Covalent Grafting of Eosin Y to the Giant Keplerate {Mo₁₃₂} through an Organosilicon Linker in Homogeneous Regime

The template effect of giant polyoxometalates (POM) shows promising results towards the supramolecular design of hybrid materials suitable for photocatalytic reactions. Here, we demonstrate a novel synthetic approach for covalently grafting the xanthene dye eosin Y (EY) to the nanoscale Keplerate POM {Mo₁₃₂} via an organosilicon linker (3-aminopropyltrimethoxysilane, APTMS) in a homogeneous regime.
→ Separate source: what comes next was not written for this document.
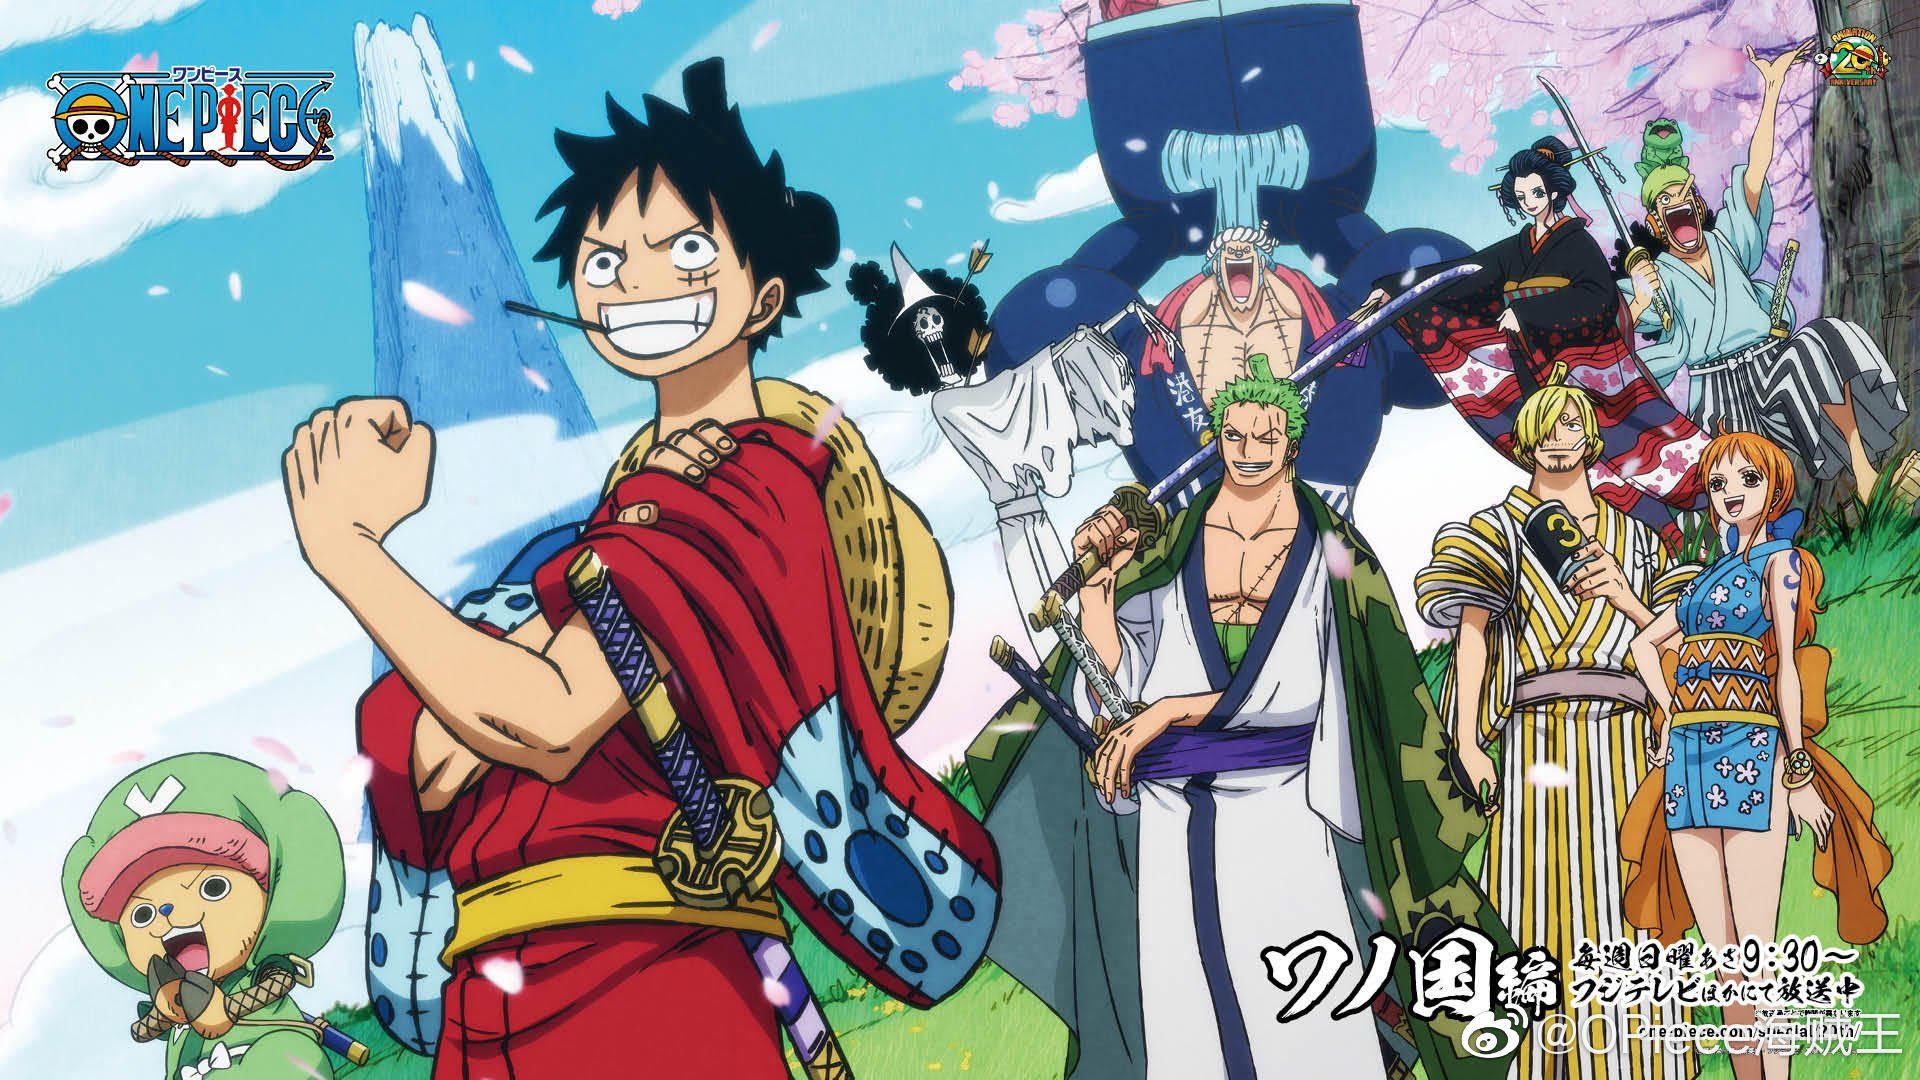 One Piece Ending: When will the Manga Series get over, and what will be the Final Reveal?

Using a phase transfer agent, tetrabutylammonium bromide, we solubilize the Keplerate POM modified with six {Si(CH₂)₃NH₂} groups, {Mo₁₃₂}@Si₆, in a series of organic solvents—acetonitrile, acetone, tetrahydrofuran, and dichloromethane—to perform post-functionalization by using an NHS-ester of EY. Both IR and Raman spectroscopy affirm the preservation of the POM’s structure and showcase an amide bond formation between POM and EY in the obtained conjugate {Mo₁₃₂}@Si₆@EY@TBA. Grafting’s success is observed through significant downfield shifting of EY’s aromatic protons’ signals on the ¹H NMR spectrum as compared to the spectra of EY and EY-NHS. The current synthetic approach enables us to exercise precise control of the stoichiometry in the POM-dye conjugates—1:1 for the POM-EY system—as confirmed by elemental analysis. Comprehensive photophysical analysis of {Mo₁₃₂}@Si₆@EY@TBA by means of UV-Vis and steady-state and time-resolved fluorescence measurements points to an existing strong interaction between molecular orbitals of EY and {Mo₁₃₂}, leading to a photoinduced electron transfer, partial fluorescence quenching, and elongation of the excited state’s lifetime. These findings demonstrate that using APTMS as an organosilicon linker in tandem with the Keplerate POM as a nanoscale template can be readily applied as a routine synthetic procedure for grafting various organic dyes or other organic molecules bearing a carboxylic group in their structure to the giant POM surface in a variety of aprotic organic solvents.